FDA approves first gene therapy for Duchenne muscular dystrophy
The U.S. Food and Drug Administration (FDA) has granted accelerated approval for Sarepta's first gene therapy for Duchenne muscular dystrophy. The drug will cost $3.2 million.A U.S. regulator has granted accelerated approval for Sarepta Therapeutics' first-of-its-kind gene therapy Elevidys to treat Duchenne muscular dystrophy (DMD), Reuters reported.
Elevidys delivers a functional copy of the dystrophin gene to the patient's muscle tissues.
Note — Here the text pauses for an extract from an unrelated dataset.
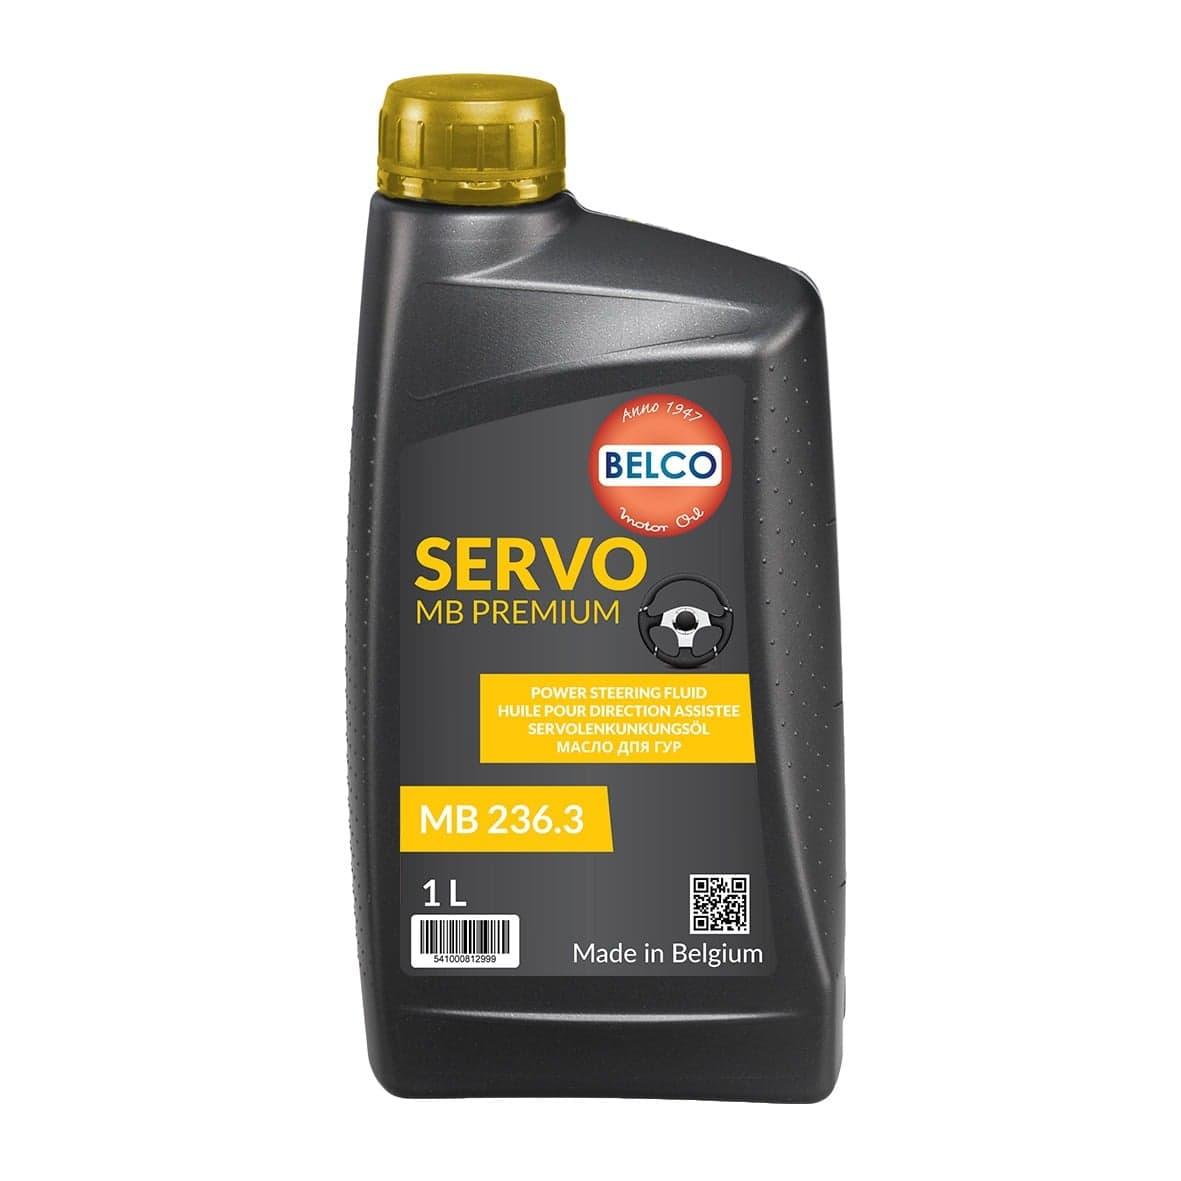 Servo MB Premium

In DMD, mutations in this gene show characteristic muscle weakness and developmental delay. The disease mainly affects boys and is usually fatal.
Elevidus received accelerated FDA approval for outpatients ages 4 to 5 with a confirmed mutation in the dystrophin gene. Sarepta sought approval of the drug for all DMD patients who can walk.
The drug is in the final stages of a clinical trial to confirm efficacy. The first data are expected by December. Experts and analysts say the approval of Elevidus could open the door to more effective gene therapies against the disease. For example, Pfizer is developing its own version of gene therapy against DMD.
The therapy will cost $3.2 million wholesale, Sarepta CEO Douglas Ingram said. Currently, the most expensive drug in the world is a gene therapy against hemophilia from the Australian drugmaker CSL at $3.5 million.